(Dataset content)

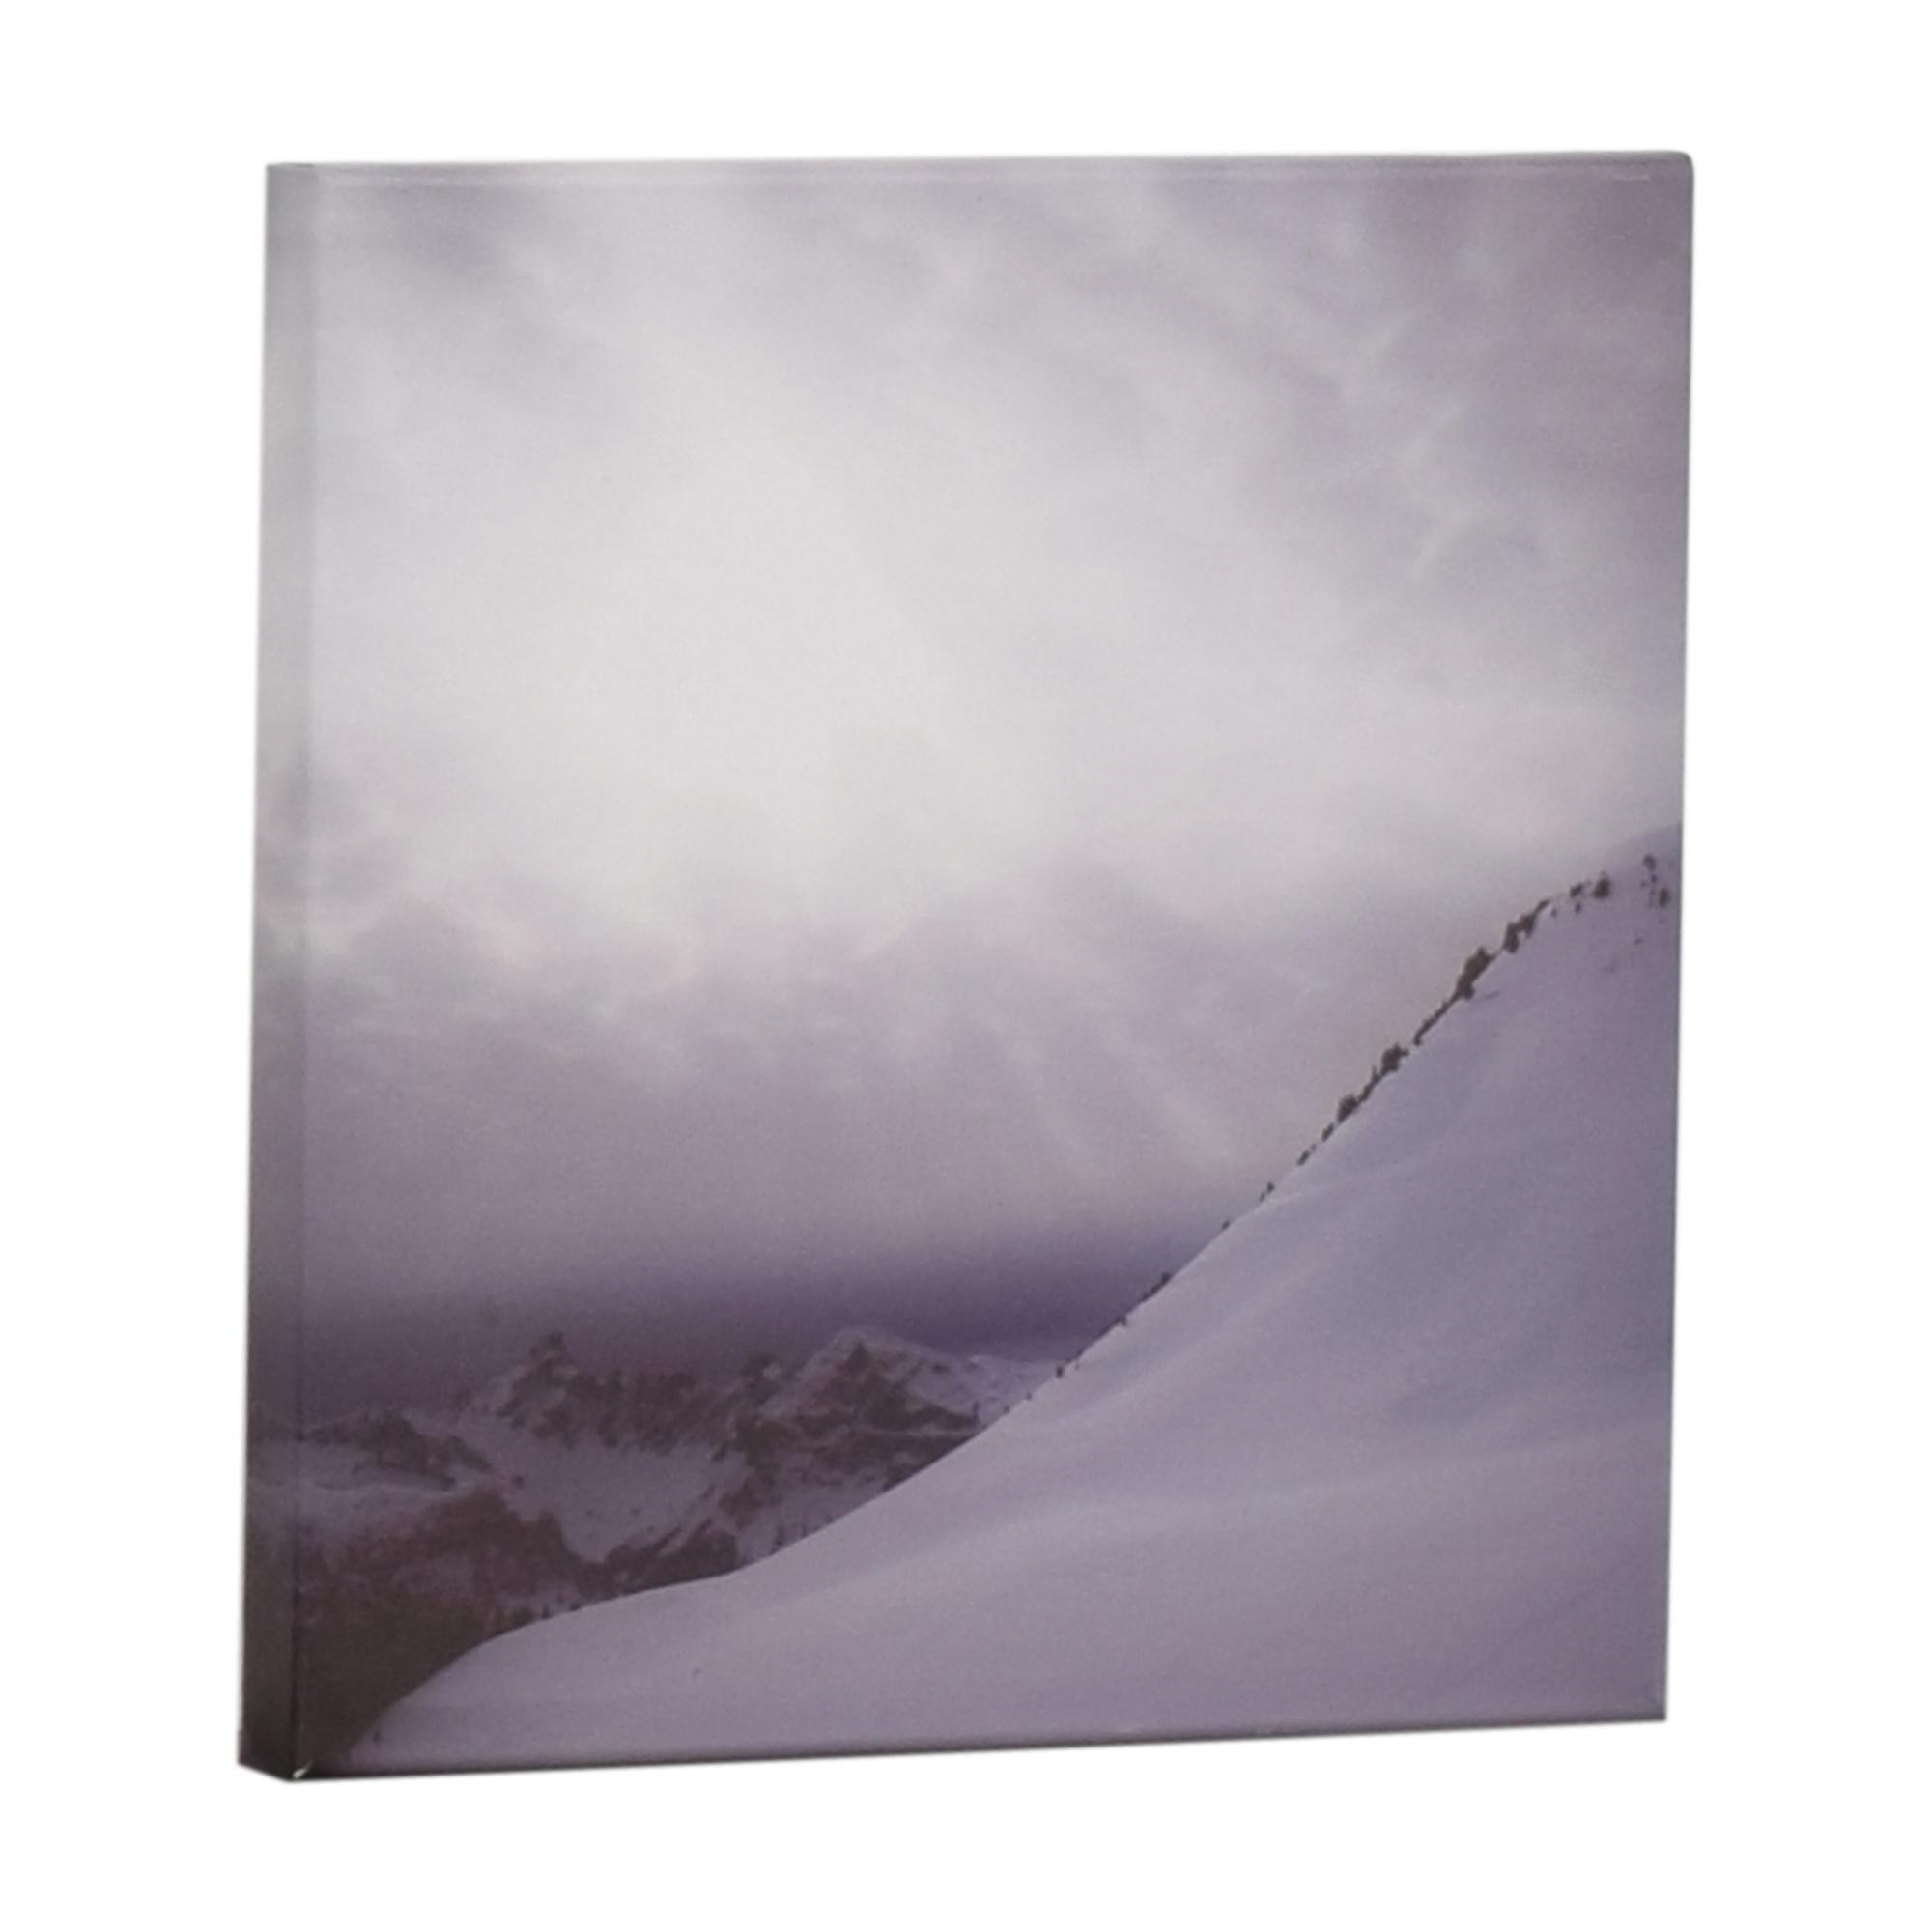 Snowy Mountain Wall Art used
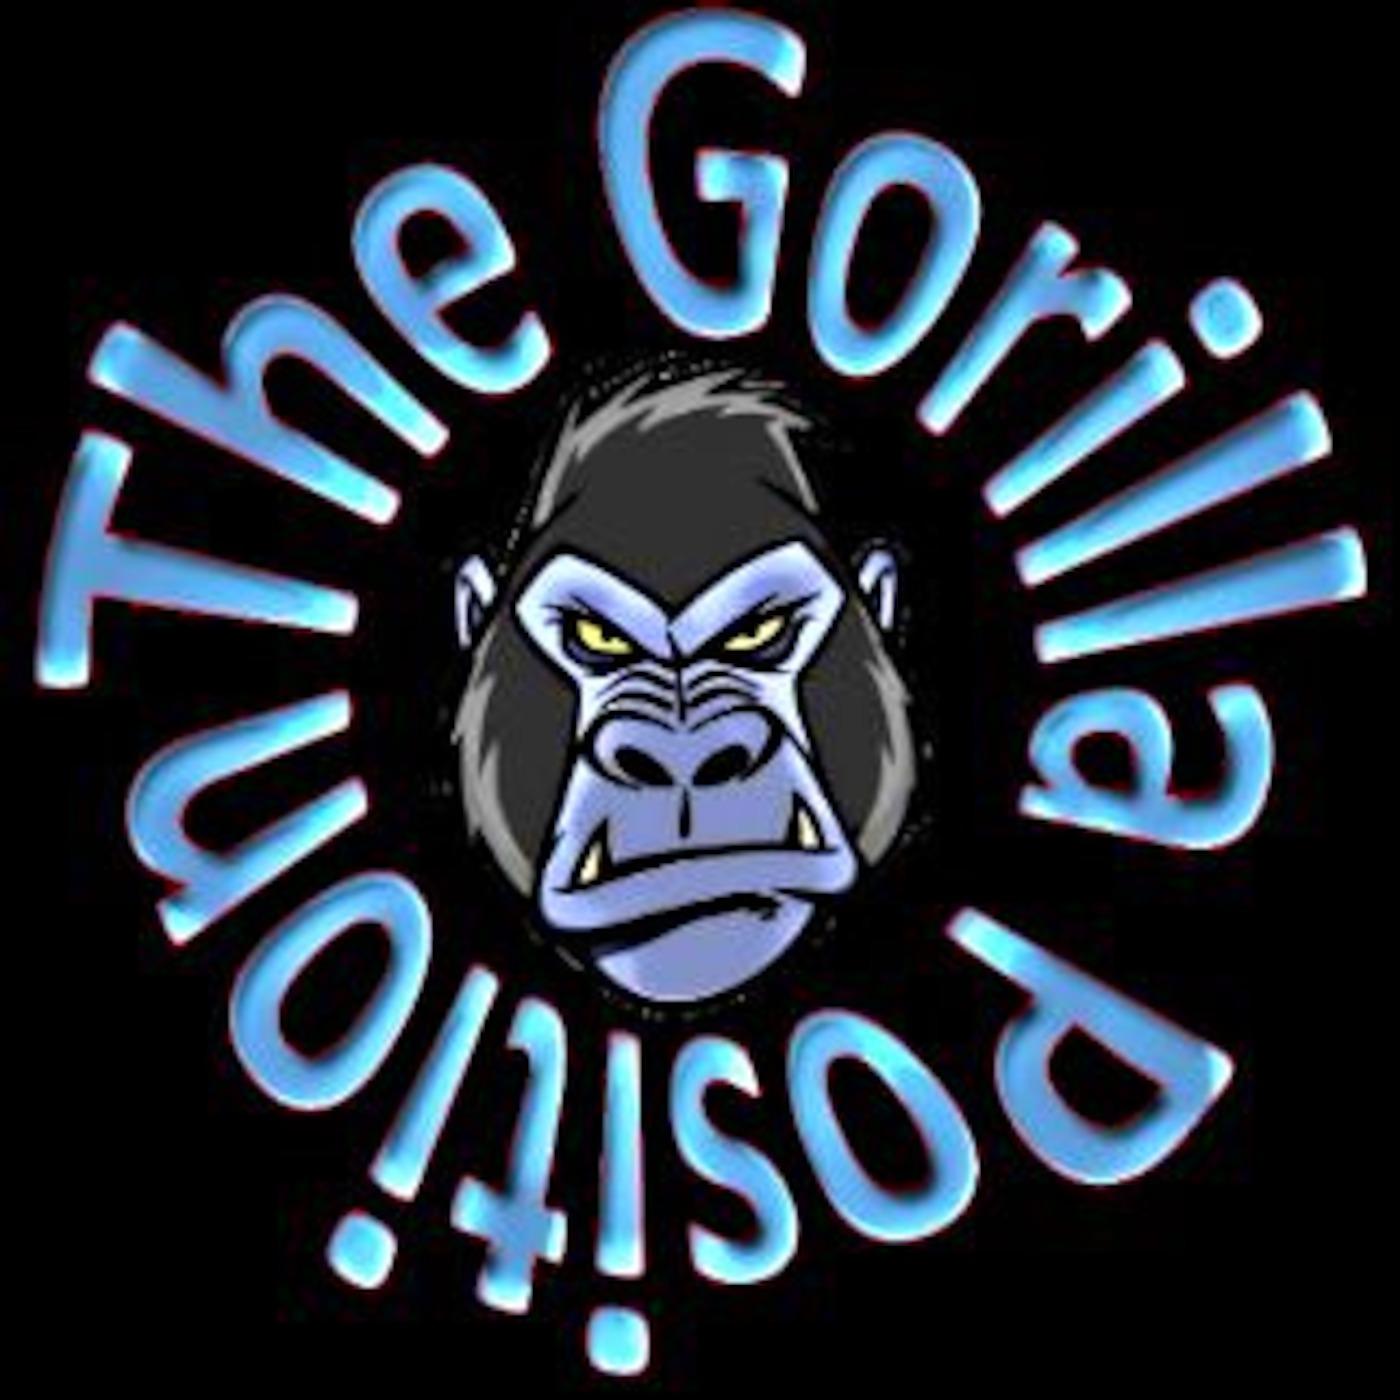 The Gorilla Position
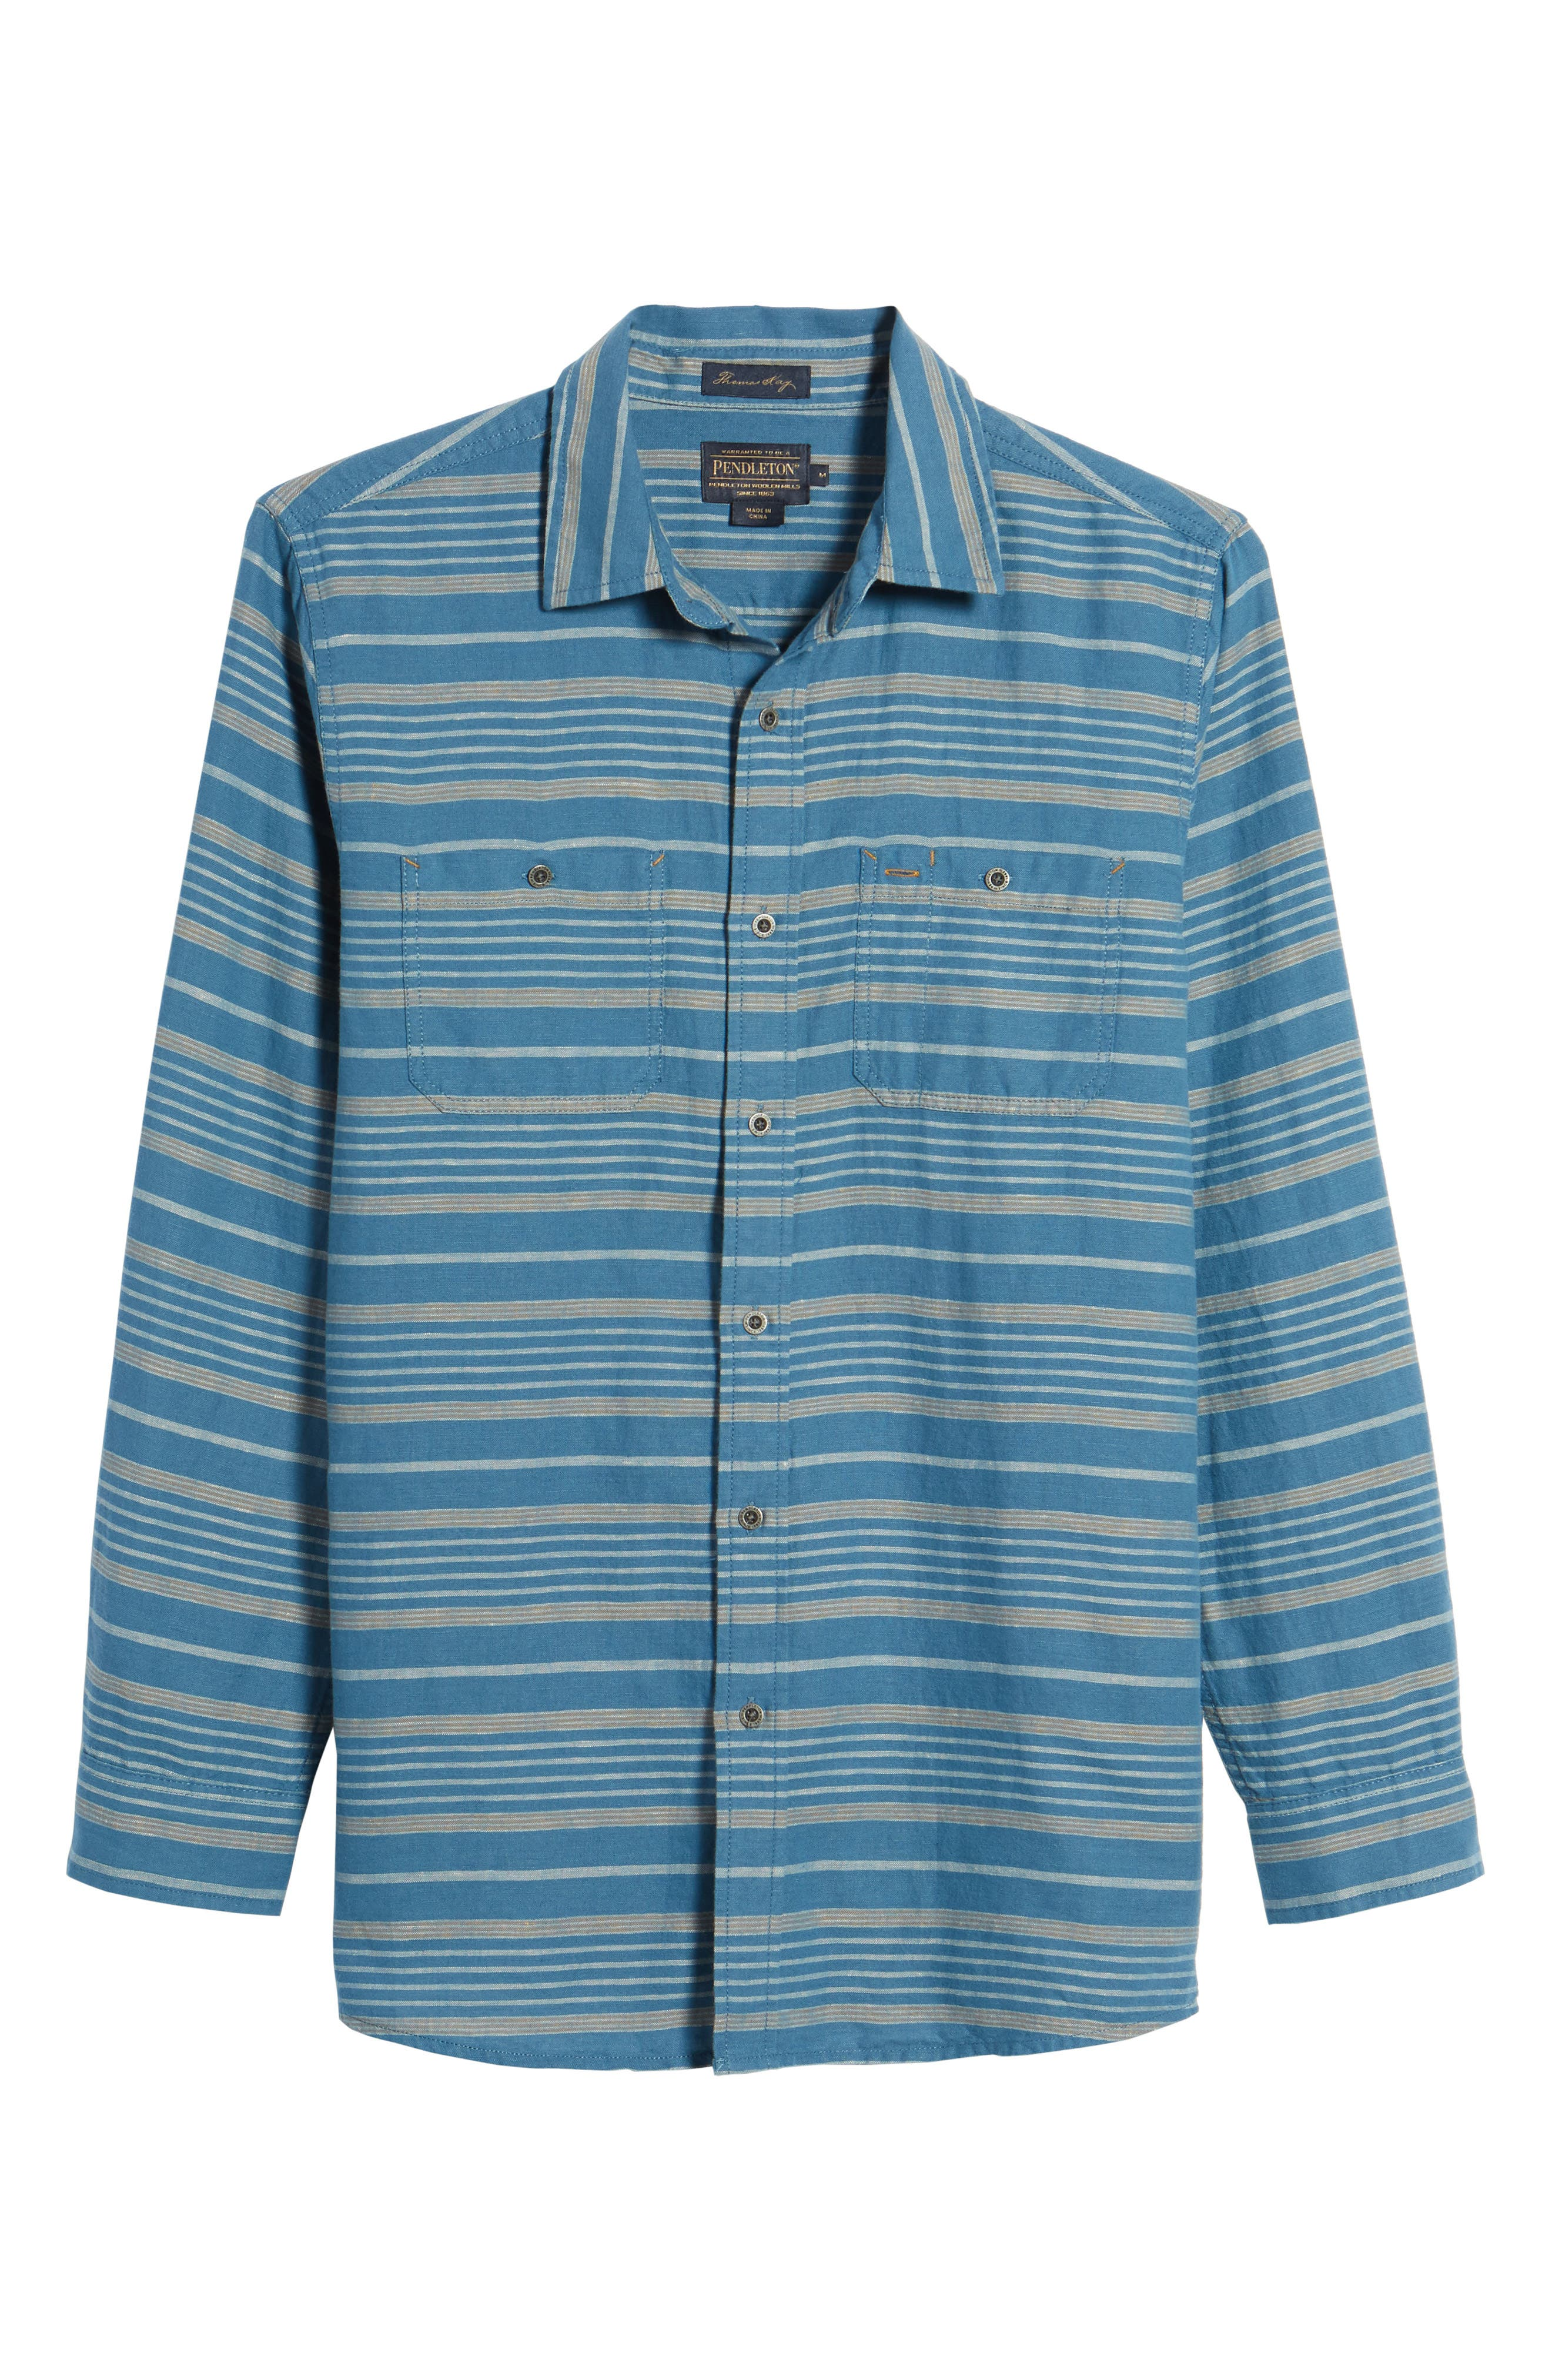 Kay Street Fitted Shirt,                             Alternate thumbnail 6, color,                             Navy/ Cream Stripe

(End Dataset content)

Problem details:
Please return the lines above exactly, with the pictures omitted.

Written reply:
 Snowy Mountain Wall Art used
 The Gorilla Position
 Kay Street Fitted Shirt,                             Alternate thumbnail 6, color,                             Navy/ Cream Stripe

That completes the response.